Although Jason was released by the Rams with two years left in a five-year, $37 million deal, he received some buyout money as part of the release settlement, and had interest from at least three NFL teams to continue playing—and make more money. Jason decided instead he’d do something more useful than pro football.
“When I think about a life of greatness,” he told CBS News, “I think about a life of service.”
Adversity and commitment to greater causes runs in the Brown family. His grandfather Jasper, steadfast in his commitment to desegregate local schools, survived many threats on his life, including a night when some white agitators attacked the family’s farmhouse with dynamite. Only by shooting one of the assailants in the groin (Jasper Brown was fortunately never charged) did he manage to save his family, and the lit dynamite fell and blew a crater on their property, which Jason says is still there to this day.

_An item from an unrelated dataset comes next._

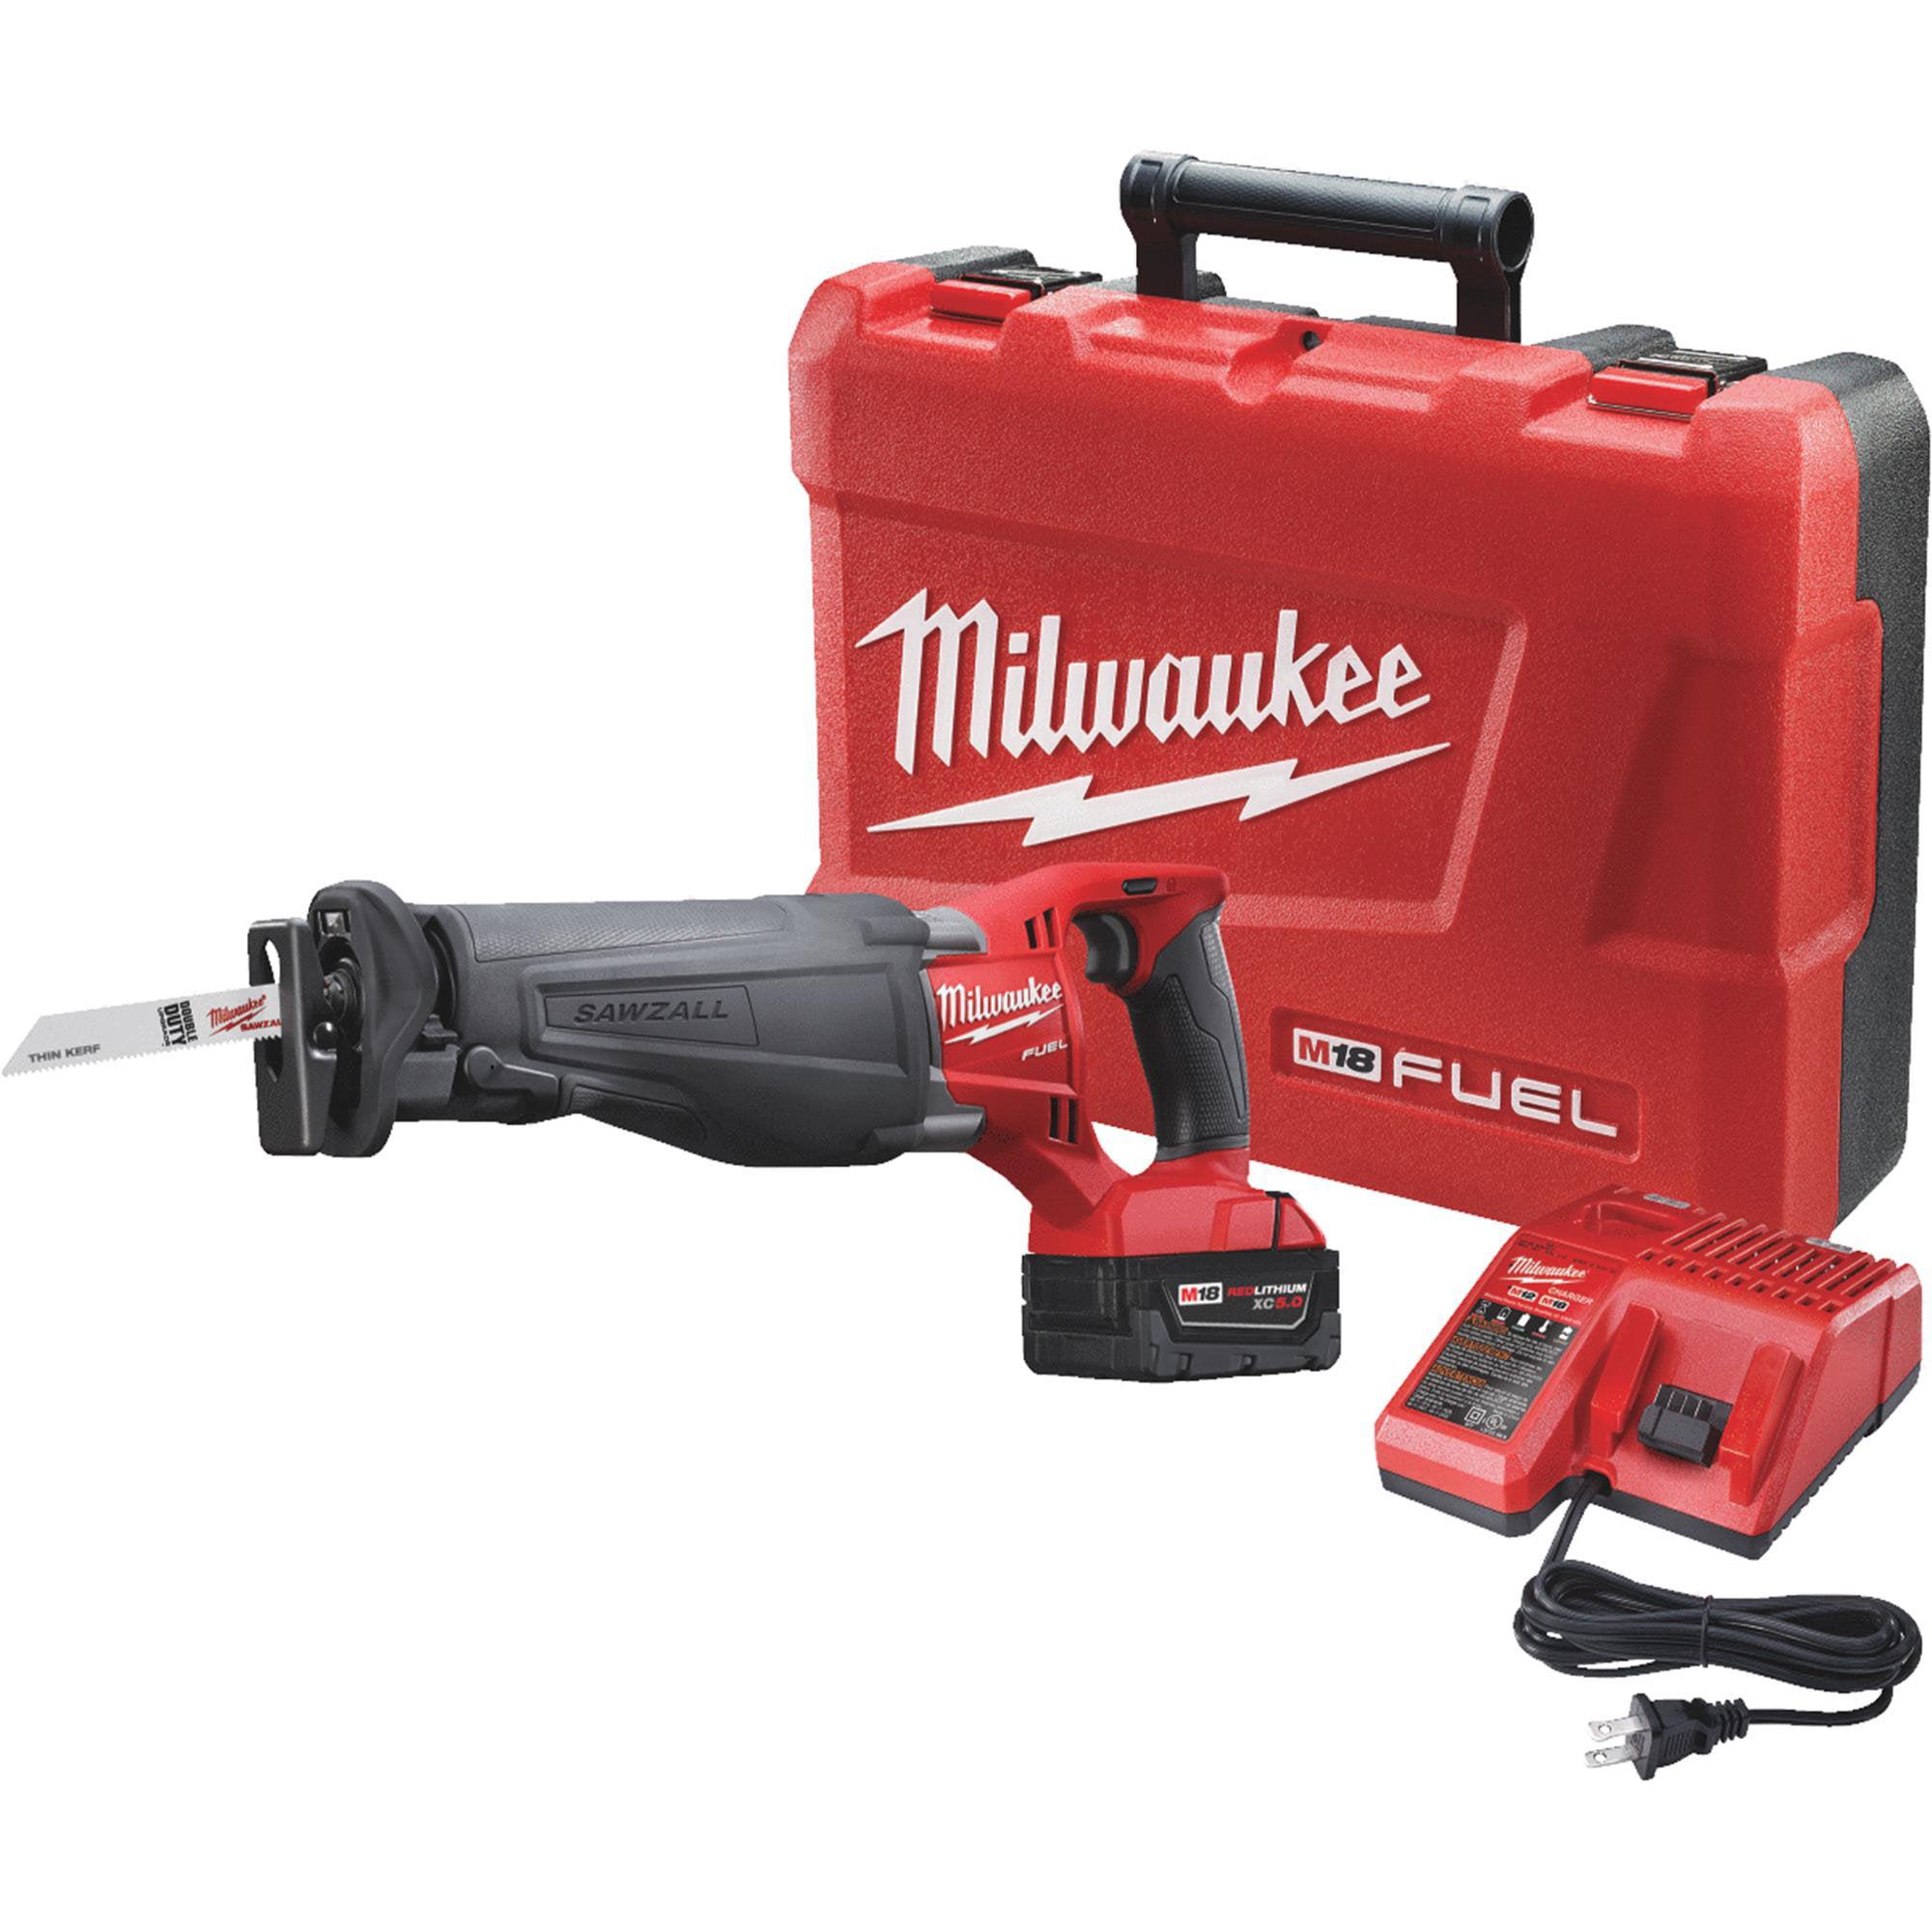 M18 Fuel Sawzall Reciprocating Saw Kit by Milwaukee

Jason’s older brother, Lunsford, brought his family’s sense of commitment and duty into his career in Army Intelligence, and was a fan of his more famous little brother, sending him encouraging emails until the day a mortar shell killed him in Iraq. By absorbing the blast, Lunsford’s body shielded eleven other soldiers. “My brother is a hero,” Jason told ESPN. “Nothing I’ll ever do will compare to his honor and sacrifice and impact. He saved lives.”
Still with the Rams at the time of that ESPN interview, Jason was quick to consider his brother’s life in contrast to his own NFL career, and seemed critical of the excess money and attention he would walk away from only six months later. “I question how much attention is given to football,” he said at the time. “But it’s tough. It’s a huge machine that I’m benefiting from.”
“You want your cup to overflow,” he said. “My cup is causing a flood.”
Now, years later, there are thousands of people who are benefitting, with the help of people like Rebecca Page, the gleaning coordinator for the Society of St. Andrews, an organization that links farmers and other donors with food banks.
“What he is doing is unbelievable,” Rebecca told the News & Observer. “The time, the effort, the work, the cost. And he gives it away.”
“Love is the most wonderful currency that you can give anyone,” says Jason.